EmilyThe Voices of Celiac Disease

“My family made treatment difficult at first. They scoffed and didn’t care about what I could and couldn’t eat. My aunt claimed that it was a Jewish person disease and since there weren’t any Jewish people on their side then it couldn’t be from them. It does make me sad that gluten-free is considered a fad diet and is not taken seriously by many people.”

A close-up of a military uniform, including a badge of the American flag

Describe your life prior to diagnosis:
I was pretty healthy in general and served in the US Army. I did have a dislike for many wheat-based foods like bread, pizza, and donuts (which got more intense as I got older), but it never really made me sick. No one in my family understood my distaste.


How did you come to know that you have celiac disease?
After giving birth and attempting college again, I started to get very sick every time I ate. It felt like food poisoning but without physically being able to vomit. I spent so much time on the toilet, sleeping in the bathroom, feverish and weak with my throat constantly swollen. I lost about 40 pounds over the course of a year, had to drop out of school, and spent what little energy I had taking care of my baby. No one knew what was going on.

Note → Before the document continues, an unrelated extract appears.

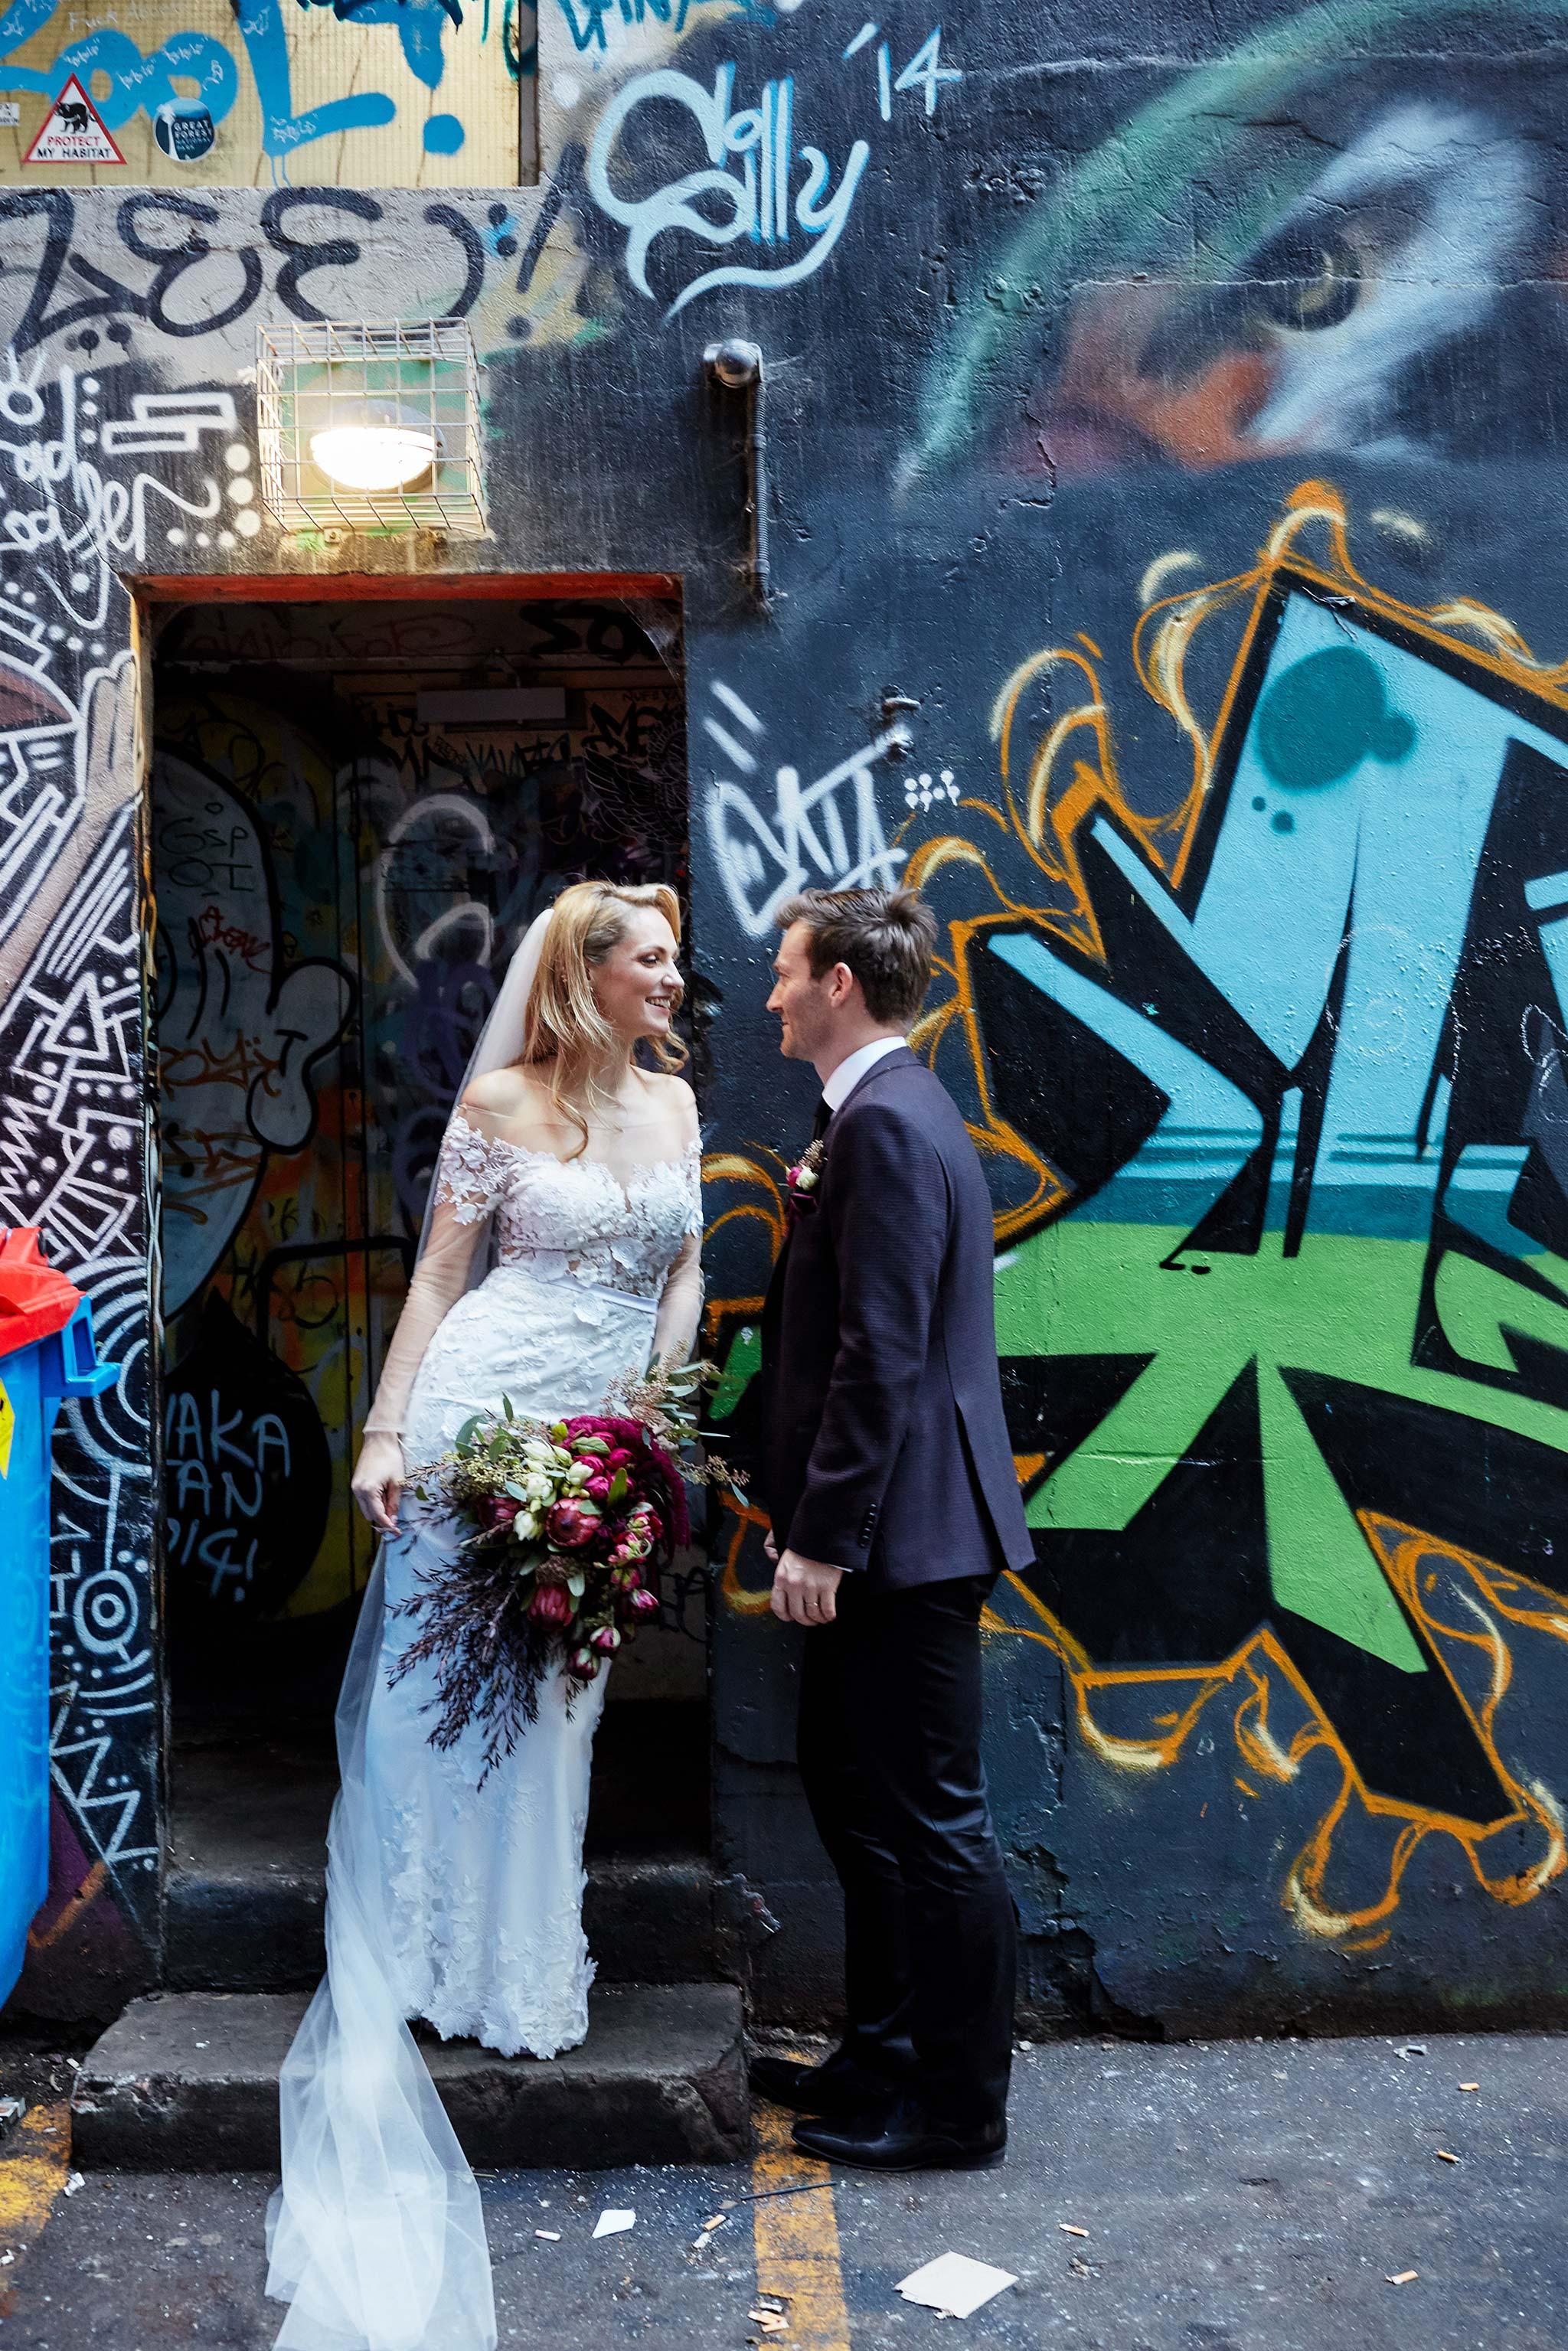 Melbourne-alley-wedding-photographer-bride-groom-portrait-graffiti

Then I went to a rheumatologist for a completely unrelated issue. She asked me a lot of questions, including about my stool and bathroom habits. When I mentioned my father had other (non-celiac) bathroom issues, she decided to run a few tests, which revealed the genetic markers for celiac as well as malnourishment. It didn’t take long after that to see a GI specialist and get a celiac disease diagnosis. I appreciate them very much for taking it so seriously and acting as quickly as they could. 

How long did it take for you to get diagnosed since your first symptoms and what (if any) challenges did you face along the way?
It took over a year to get diagnosed. My family didn’t believe that I could have any issue and thought I was being dramatic. No one had heard of celiac disease, not even me. I didn’t know what was safe for me to eat.


Describe your experience with living with celiac disease:
My family made it difficult at first. They scoffed and didn’t care about what I could and couldn’t eat. My aunt claimed that it was a Jewish person disease and since there weren’t any Jewish people on their side then it couldn’t be from them. My mother would make plans to eat out without checking if I could eat anything. I have had to sit at restaurants and watch my family eat while I had nothing. They couldn’t understand why I couldn’t just order a salad or pick the croutons off. I have had waitstaff and restaurant managers who didn’t even know what gluten is. Many times I’ve been asked if celiac disease was actually serious. As a result I’ve become much more careful about food in general and have often explained why I can’t just assume something is gluten-free or celiac safe.

Fortunately, my family has become more accepting of my condition (though my mother still does not understand why cross-contamination is bad or why I cant just “break my fast” and have the slice of pie with wheat crust), but I still take a risk every time I go to eat with my family. I can’t trust that they wouldn’t just decide to contaminate my food. It does make me sad that gluten-free is considered a fad diet and is not taken seriously by many people.


Is there anything else you’d like to add to your story?
I have met many people in college who know about celiac and are accepting, sympathetic and accommodating. Many of my friends understand my condition and take it seriously and, according to them, they are some delicious gluten-free cookies, brownies and pizza that are better than the gluten varieties. I appreciate them very much. At the same time, I worry for the future of my child, whom I might have unknowingly passed this condition on to.